Guevara’s other great love

(12 May 1973)


From Socialist Worker, 12 May 1973. (review)
Transcribed by Ted Crawford.
Marked up by Einde O’Callaghan for the Marxists’ Internet Archive.


Ernesto: A Memoir of Che Guevara, by Hilda Gadea, WH Allen, £2.75.

GUEVARA once confessed ‘at the risk of seeming ridiculous’ that the revolutionary ‘is guided by great feelings of love.’

One can think of some revolutionaries, alas, of whom this obviously isn’t true: its applicability to Che must reflect his two commitments – to revolutionary politics and to Hilda Gadea. During 1953-56 they shared the turmoil of political emigration in Central America, managing in all the upheavals of arrest, imprisonment and flight to learn some basic marxism, get married and produce a baby daughter – a few months before Che sailed with Fidel Castro to begin the Cuban revolutionary war.

Hilda Gadea is a political science graduate and at first a marxist-inclined Peruvian nationalist. She shed many of her political illusions in Guevara’s company and despite her modesty it is clear that her influence on him was formative.

Their courtship was dramatic, beginning with long daily discussions about economics, public health, novels, current politics and the like. At one point, when they were discussing plans for a joint trip to China, Che insisted on promising solemnly that he’d make no attempt to get off with her, Then, three months after they had met, Guevara suddenly presented her with a poem which was a marriage proposal. That, more or less, was it.

Their politics were well to the left of the Latin American Communist Party even in those days. Guevara was particularly shocked by the passivity of the Guatemalan Communists in the face of the US-backed coup against the left-liberal Arbenz government in 1954, and wrote his first political article about the necessity for armed struggle around this time.

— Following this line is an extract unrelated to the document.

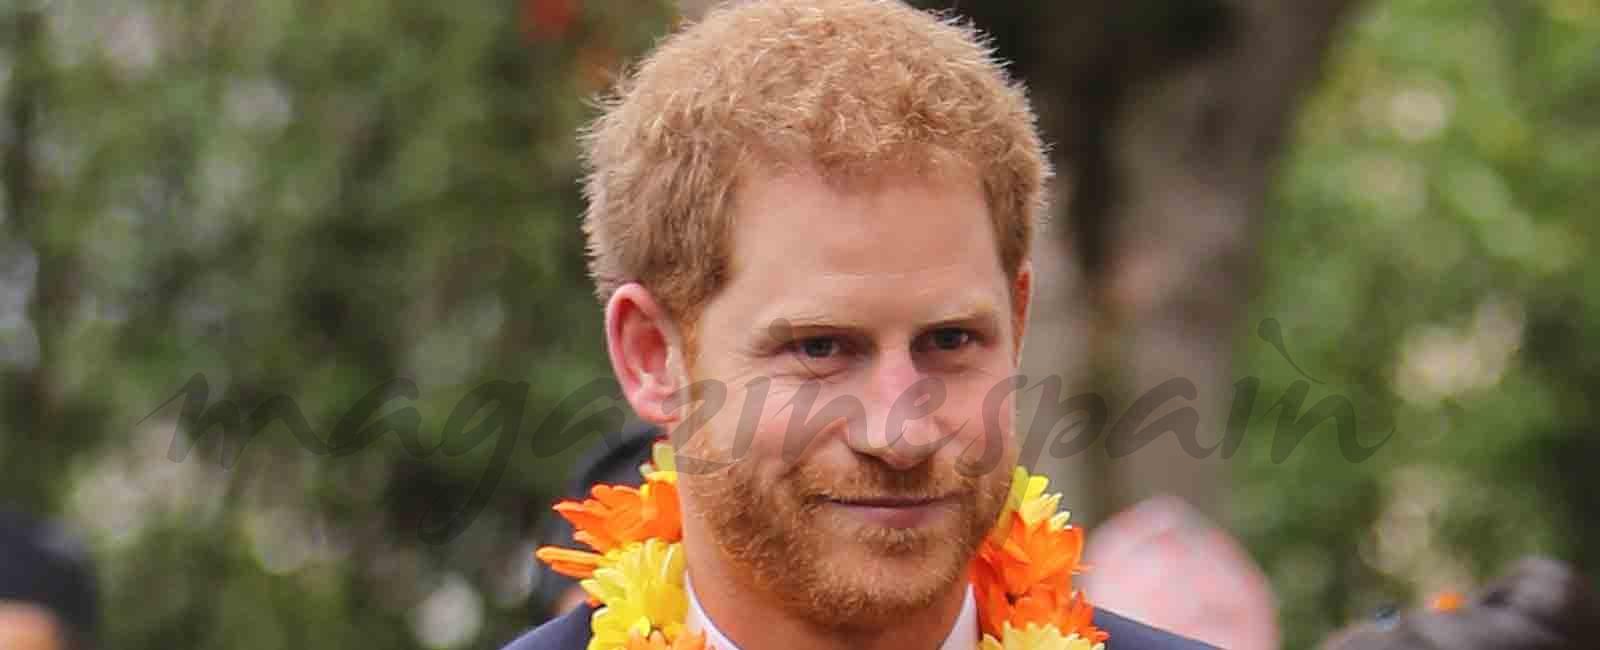 Príncipe Harry continúa con su agenda, a miles de kilómetros de su novia

But the Stalinoid myths about ‘the socialist camp’ seem to have been accepted by the Guevaras and their circle, in a manner typical of most leftists in the Cold War: one would dearly love to know how, during 1956, that year of shock for Communist Party members and fellow-travellers, the Khruschev disclosures about Stalin and the Hungarian revolution made their impact on Che and his wife.

But the effect may have been slight: it was a busy time, with the birth of Hildita, intense guerilla training with Fidel’s force, and then departure for Cuba and danger.

The author’s words on Che’s departure for Cuba are poignant: ‘He left that weekend and did not come back.’ The next time they met, in Havana on the day of victory, Guevara was to tell his wife that their marriage was over as he was now with someone else. Realising her pain, he said: ‘Better I had died in combat.’

The flatness of the narrative and the sparseness of personal detail in the book no doubt reflects the pain of Hilda Gadea’s recollection. But there is a shining vitality in the messages that Che sent back, to his young daughter, even from the secret battleground in Bolivia where he met his death.

‘Study and maintain the revolutionary attitude: honest behaviour, seriousness, love for the revolution, comradeship ... Above all, always be capable of feeling most deeply any injustice committed against anyone in the world. That is the most beautiful quality in a revolutionary.’

Guevara and his ex-wife remained friends and comrades. This book commemorates the continuous element in their relationship.